C’était un de ces moments de semi-conscience embrumée. Heather rêvait – et elle avait conscience de rêver. En bonne jungienne digne de ce nom, elle essayait d’interpréter son rêve au fur et à mesure qu’il se déroulait.
Il y avait une croix. Cela, en soi, était inhabituel. Heather ne s’intéressait pas aux symboles de la religion.
Mais au lieu d’être en bois, la croix était en cristal. Et ce n’était pas un instrument pratique ; il aurait été impossible de crucifier un homme là-dessus. Les bras étaient beaucoup trop épais, et plutôt courtauds.
Alors qu’elle la regardait, la croix en cristal commença à tourner autour de son axe, qui était très long. Mais en même temps, il devint évident que ce n’était pas vraiment une croix. Ajoutées aux saillies, de chaque côté, se trouvaient des saillies identiques, devant et derrière.
Sa perspective se rapprochait. Elle voyait des joints, maintenant. L’objet était composé de huit cubes transparents : une partie formée par quatre cubes superposés, et quatre autres disposés autour des faces du troisième cube en partant du haut. Il tournait de plus en plus vite, et une lumière émanait de sa surface vitreuse.
C’était un hypercube déplié.
Et lorsqu’elle s’approcha encore plus près, elle entendit une voix.
Une voix profonde, masculine, une voix qui résonnait.
Une voix forte.
La voix de Dieu ?
Non, non – un être supérieur, mais pas Dieu.
Elle est d’une typologie qui suggère une pensée tridimensionnelle.
Heather se réveilla, trempée de sueur.
Spock, bien sûr, avait dit il est d’une typologie, dans le film, en se référant à Khan. Mais là, le elle ne pouvait se référer qu’à Heather.
Quelque chose d’évident avait échappé à Khan. C’était le fait que les vaisseaux spatiaux pouvaient aller dans une direction ascendante ou descendante, aussi bien qu’à droite, à gauche, en avant et en arrière. Et Heather était dans le même cas : quelque chose d’évident lui avait échappé, à elle aussi, et son subconscient tentait de le lui montrer.
Mais, étendue seule sur son lit, elle ne parvenait pas à saisir de quoi il s’agissait.
— Bonjour, Cheetah.
— Bonjour, docteur Graves. Tu ne m’as pas mis en suspension d’activité, hier, avant de partir. J’en ai profité pour faire quelques recherches en ligne, et j’ai plusieurs questions à te poser.
Kyle se dirigea vers la machine à café et la mit en route, puis il alla s’asseoir devant la console de Cheetah.
— Ah oui ?
— J’ai cherché des histoires d’actualités anciennes. Mais la plupart des journaux sur microfilms ne remontent qu’aux années 1980 ou 1990.

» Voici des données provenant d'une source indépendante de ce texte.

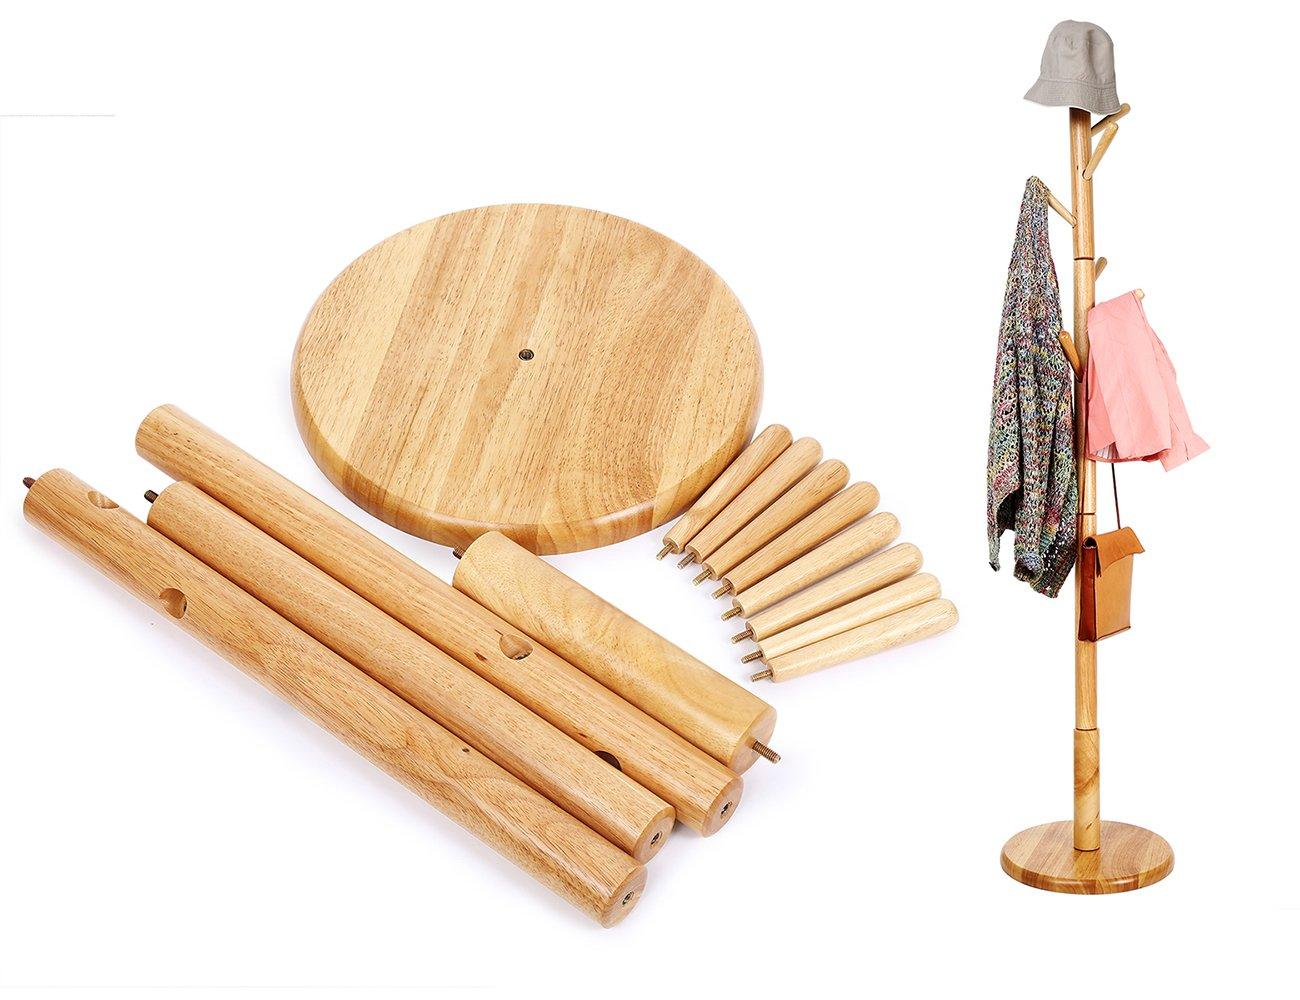 BESTOOL Coat Rack-Wooden Standing Clothes Rack Solid Wood Entryway Free Tree Floor Stand, Jacket Purse Bag and Hat Holder Rack-8 Hooks

— Et pourquoi t’intéresses-tu tout à coup à des actualités vieilles de plusieurs décennies ? C’est plus des nouvelles si elles sont anciennes.
— C’était censé être un commentaire humoristique, n’est-ce pas, docteur Graves ?
— Oui, grommela Kyle.
— Je l’ai compris à ton utilisation de l’expression « c’est plus ». Tu l’emploies uniquement quand tu veux plaisanter.
— Crois-moi, Cheetah, si tu étais humain, tu te tiendrais les côtes en permanence.
— Et quand tu parles sur un ton aigu, comme maintenant, je sais que tu continues à plaisanter.
— Vingt sur vingt. Mais tu ne m’as toujours pas dit pourquoi tu lisais des actualités anciennes.
— Tu ne me considères pas comme un humain parce que, parmi d’autres choses, je suis incapable de porter des appréciations d’éthique, comme les humains peuvent le faire. Alors, je cherche des actualités qui posent ce genre de problèmes, que j’essaie d’approfondir, et je me demande comment réagirait un véritable être humain confronté à ces questions.
— D’accord, dit Kyle. Et quelle histoire as-tu dénichée qui t’a rendu perplexe ?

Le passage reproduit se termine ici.